Paul Hetherington | TLT President's Report September 2020
As lubrication specialists, the decisions we make can prevent—or lead to—serious consequences.
Due diligence is all about reducing risk with actions that you could defend and justify.
I would be hard-pressed to find two more important words that have guided me throughout my career than the term due diligence
. There certainly have been many times in my role as a lubrication specialist, in fact almost daily, where I made decisions that could lead to significantly negative consequences if I made a mistake. The somewhat perceived simple task of selecting the right grease or oil for a specific application could lead to the failure of that single component or shutdown of an entire operation.
OH&S Canada and the Cambridge dictionary defines due diligence as:
• OH&S Canada:
Due diligence is the level of judgement, care, prudence, determination and activity that a person would reasonably be expected to do under particular circumstances.
• Cambridge dictionary:
An action that is considered reasonable for people to be expected to take in order to keep themselves or others and their property safe.
Very simply, before making a decision we need to first determine all the facts and assess all the possibilities and consequences before selecting the best option.
One day many years ago, I was called by one of our area plant engineers with a query about the lubricant—in this case a grease—that we were using in one of our conveyer systems. The engineer noticed the OEM indicated the grease must not contain EP additives. The component was an item called a backstop—its primary purpose was to prevent an inclined conveyor from accidentally running backward with a heavy load of material on the conveyor belt (rock or sand, etc.) when it was shut down. Sometimes gravity is not our friend.
As you can well imagine, this could be a serious safety concern if the conveyor ran backward and dumped its contents onto an unsuspecting employee. Because of this many local governments’ safety codes or standards, including the Province of Alberta where I was working at the time, have a strict law indicating that an inclined conveyor must have a “functioning” backstop device.

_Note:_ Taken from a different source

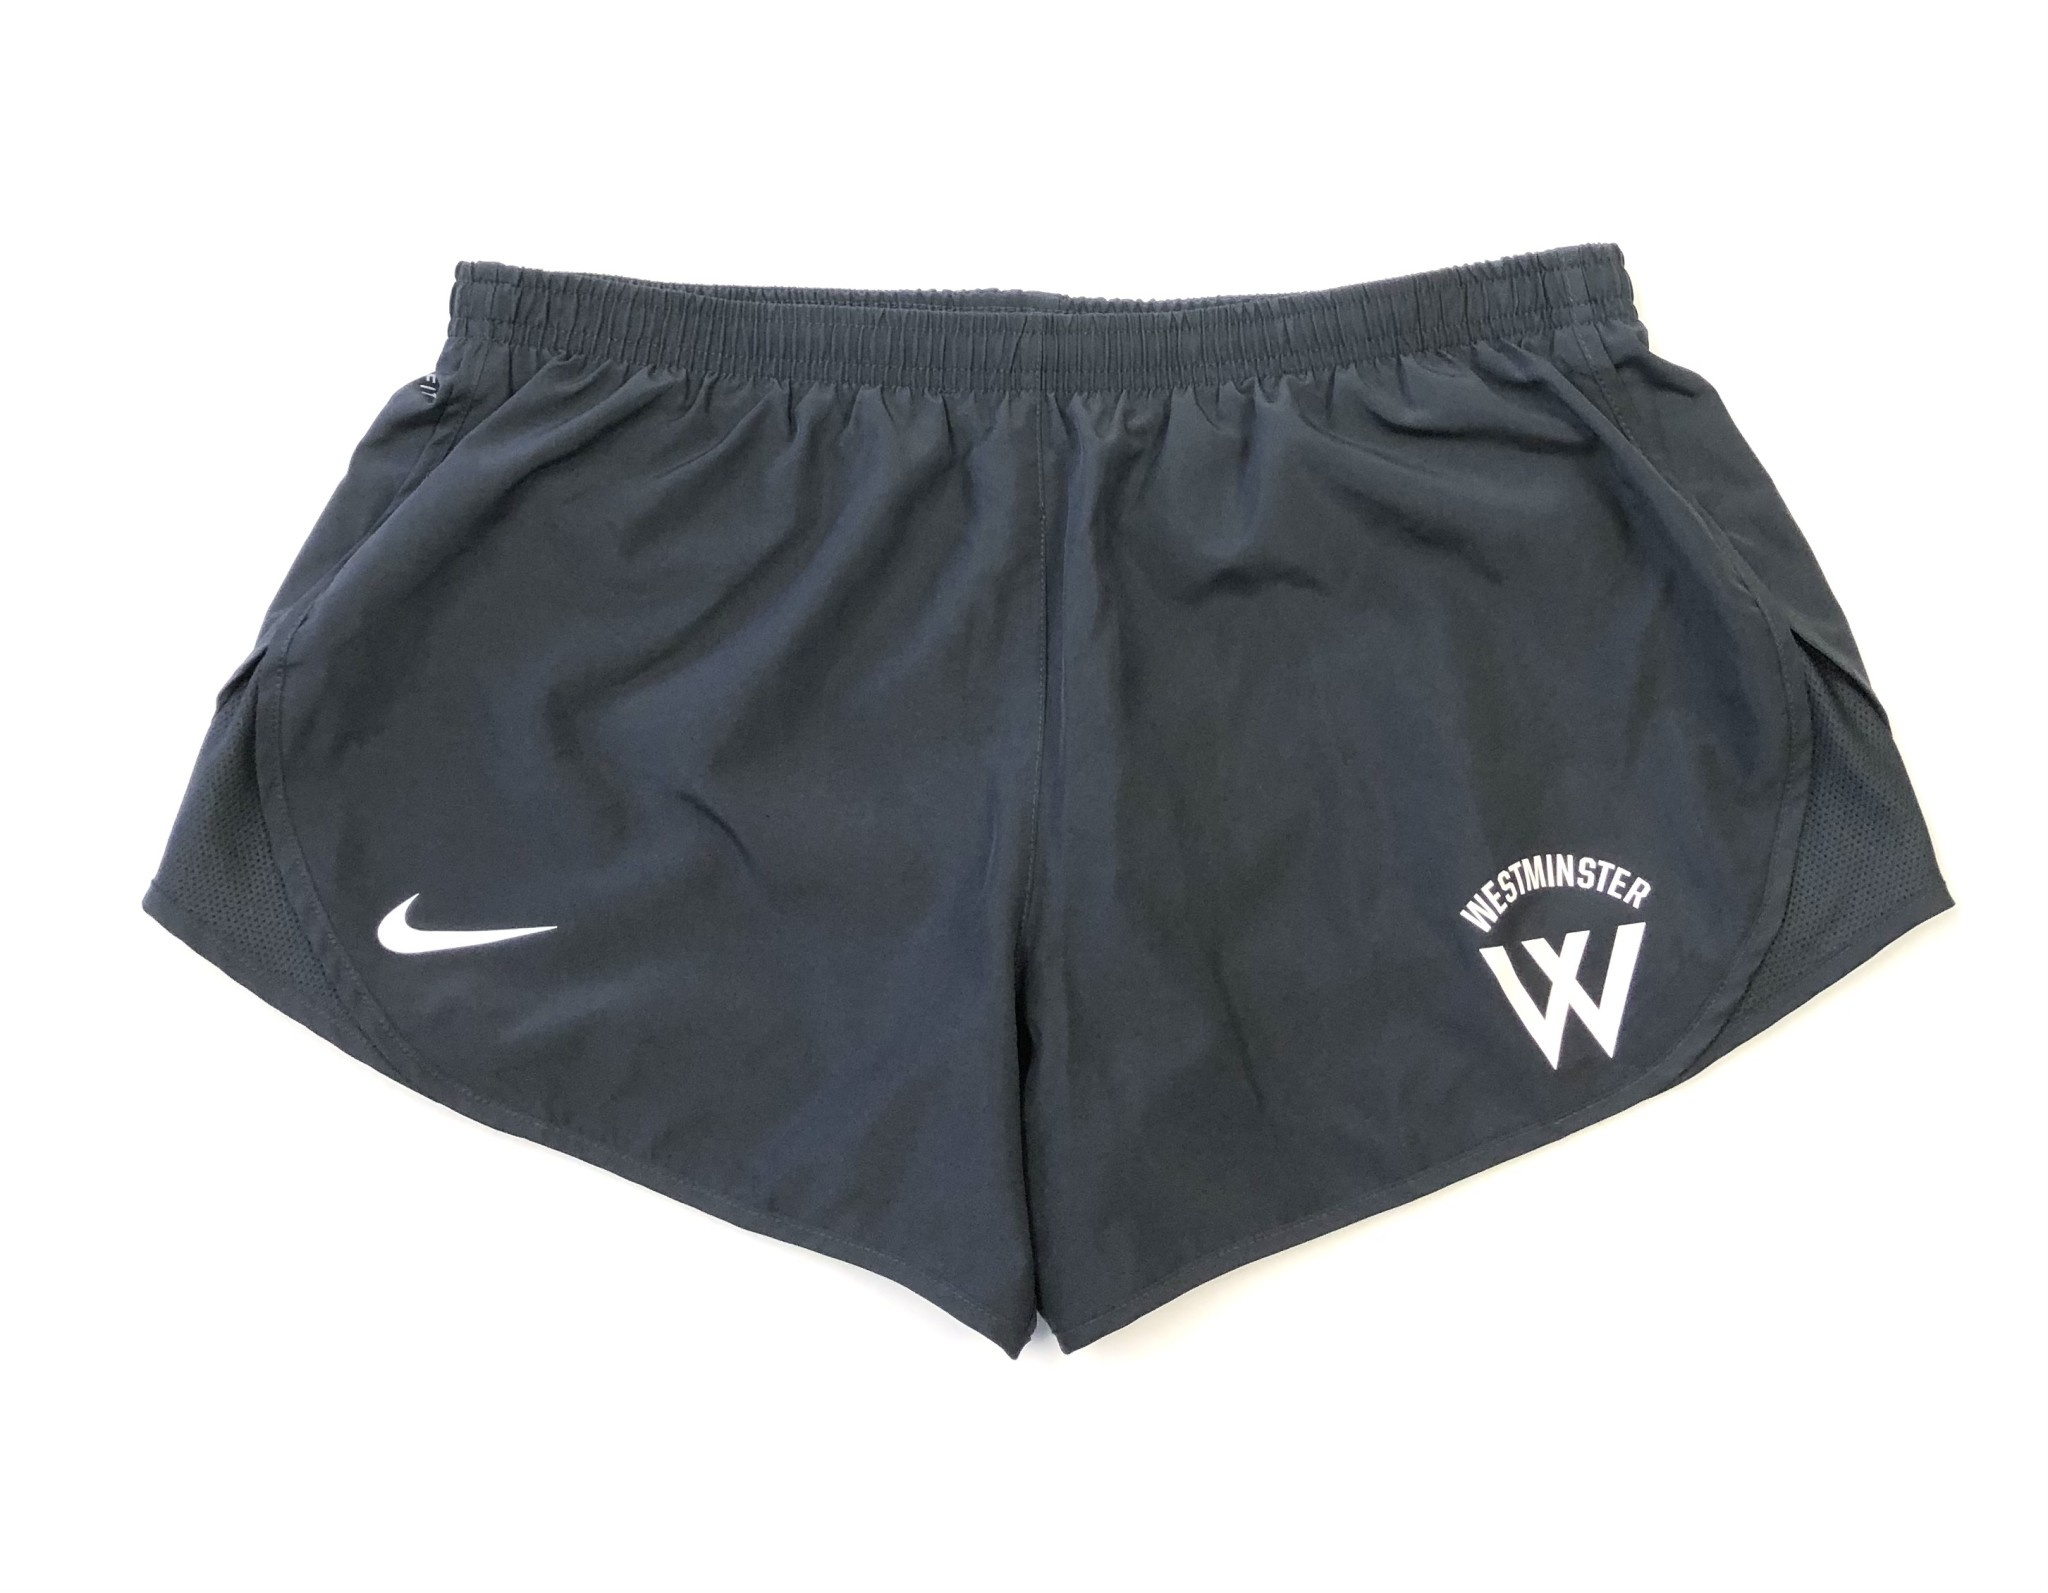 Nike Shorts: Nike Women's Tempo Anthrac Westminster w/W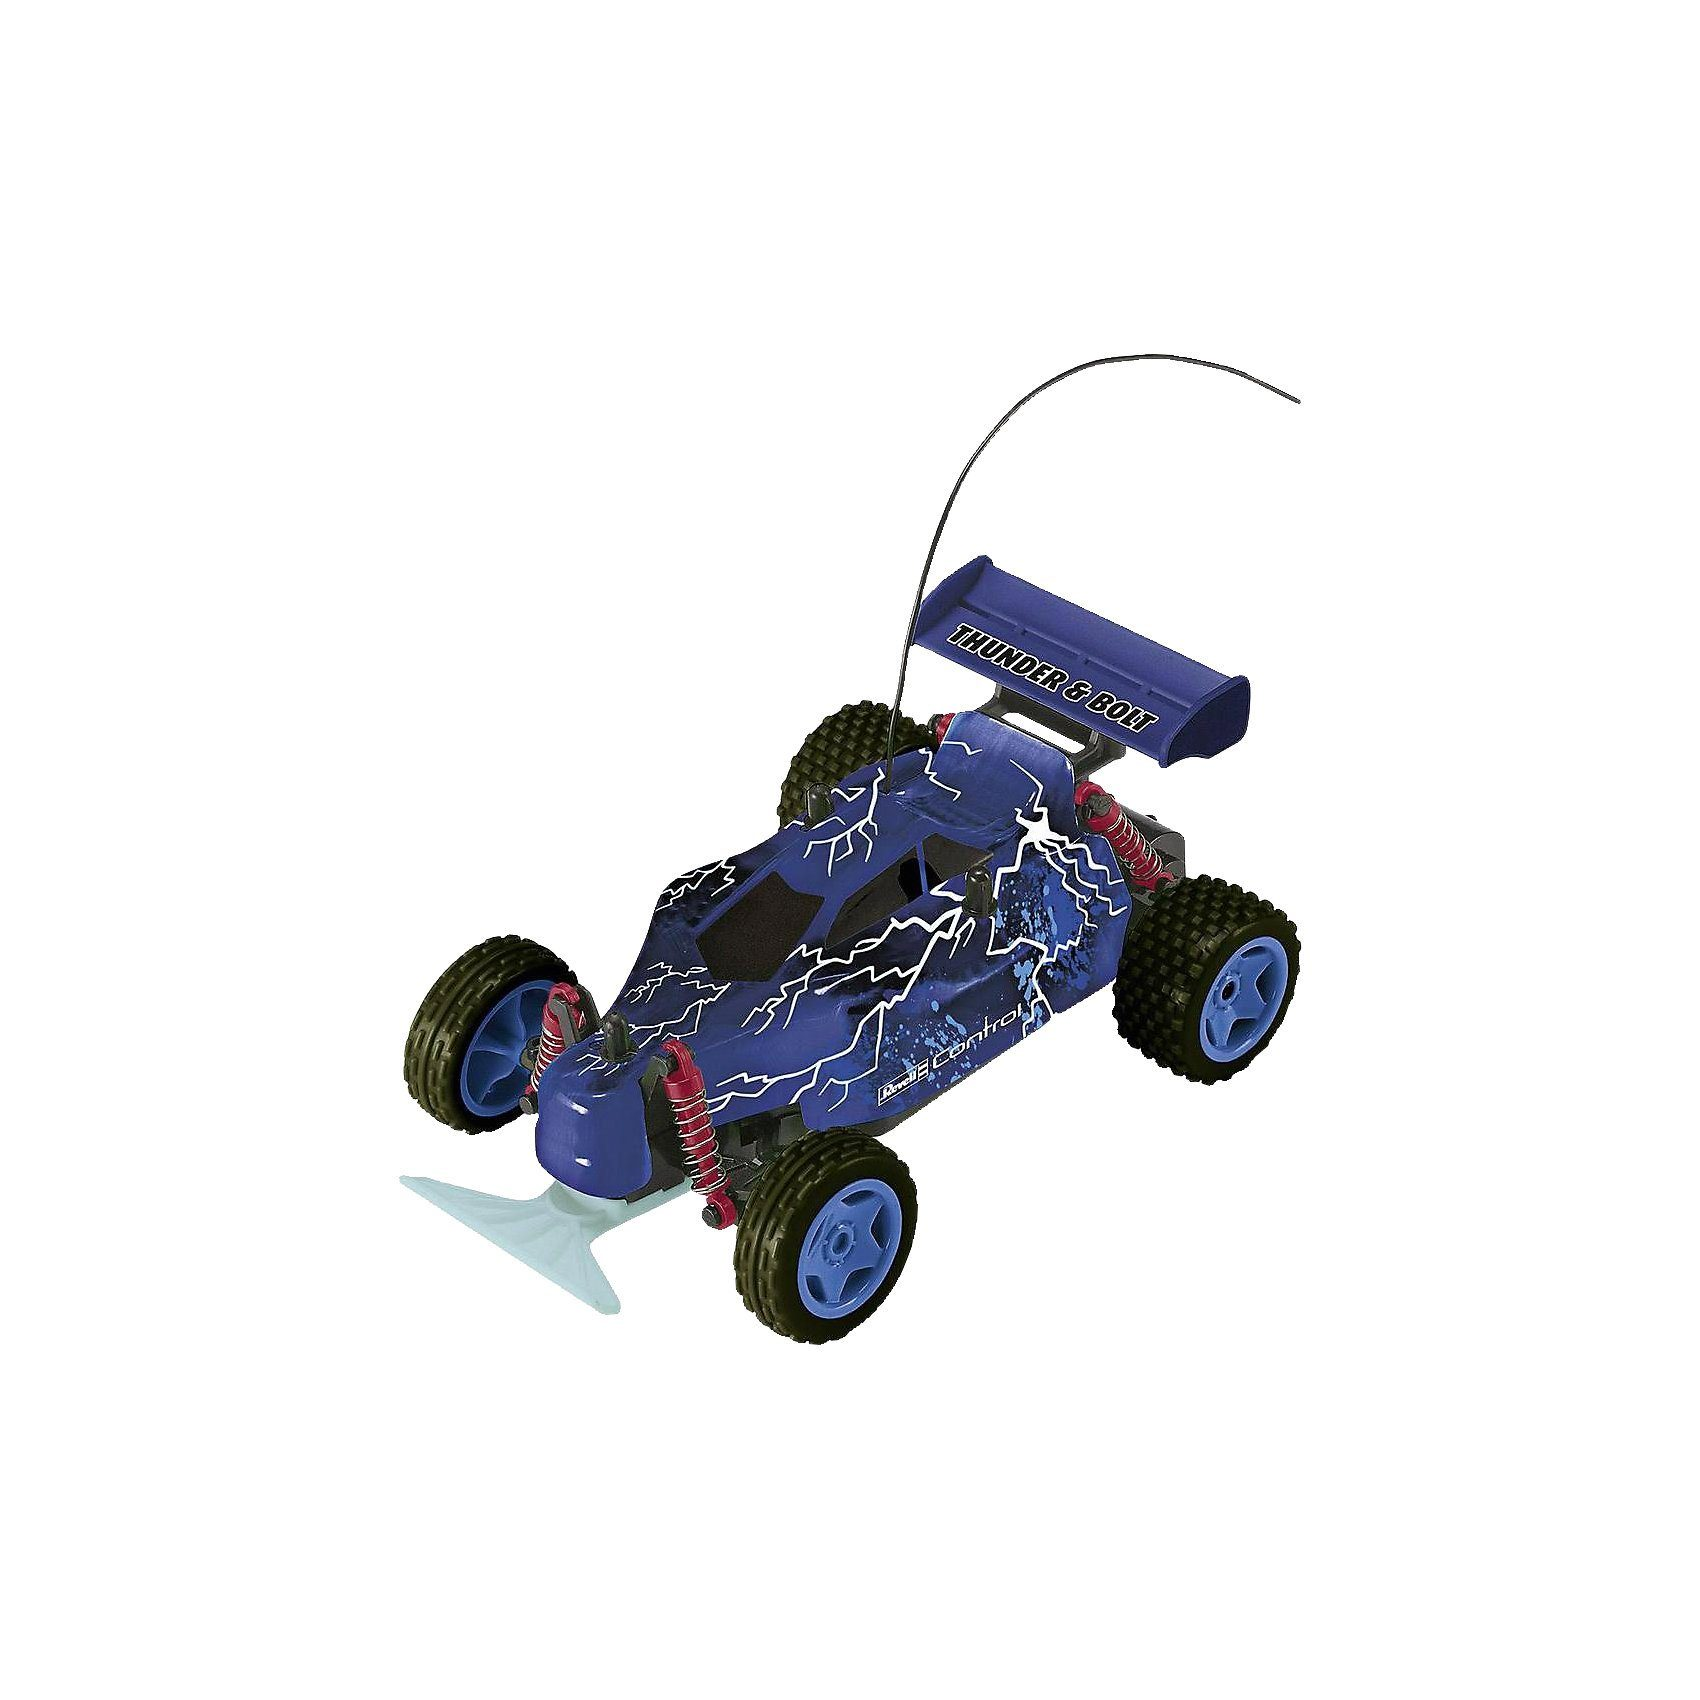 Revell Control Buggy Thunder & Bolt

So why did the OEM indicate no EP additives? The backstop is a clutch-type mechanism that relies on friction to engage and prevent the conveyor from running backward. Since the primary function of EP additives is to reduce friction between matting surfaces, generally most backstop OEMs recommend using a lubricant without these additives. So, based on the information from the plant engineer, it would now appear that we had been using an incorrect grease and, more important, left the inclined conveyor in an unsafe situation if the backstop became engaged but didn’t hold. So now what?
The first priority was to flag off the area around or near the bottom of the inclined conveyor. Although the overall risk was deemed as fairly low, the actual consequences could literally be deadly; therefore, the entire situation required appropriate due diligence.
The second problem, of course, was how to change the grease to a suitable non-EP type and be confident that the integrity of the backstop is still not compromised. The EP additive in the original grease was a common S-P (sulfur-phosphorus) type, which by function reacts with the metal surface at high-friction temperatures to produce a tenacious sacrificial low-friction layer. So the concern was even if we flushed out the bearings and removed all remnants of the EP grease, how would we know if the backstop would still properly engage and that any lingering EP film would be eliminated?
Unfortunately, this event occurred about 25 years ago, and I don’t have all the specific data, but basically I solicited the help of our product supplier’s R&D to see if we could come up with a test protocol. After a fairly extensive testing regime utilizing a fourball EP apparatus and scanning electron microscope, we were able to satisfy ourselves that, under the normal operating conditions of the backstop, any residual EP film would be quickly eliminated and have no effect on the operation of the backstop. Eventually all of the backstops were thoroughly flushed of the old grease and replenished with the proper non-EP product. Finally, the warning flags were removed from the area around the conveyor. Due diligence is all about reducing risk with actions that you could defend and justify.
One final word on due diligence—my experience, as reiterated in this article, cannot be used as a basis for making a similar decision on a similar event today. Why? Very simply, that would not be an act of due diligence on your part.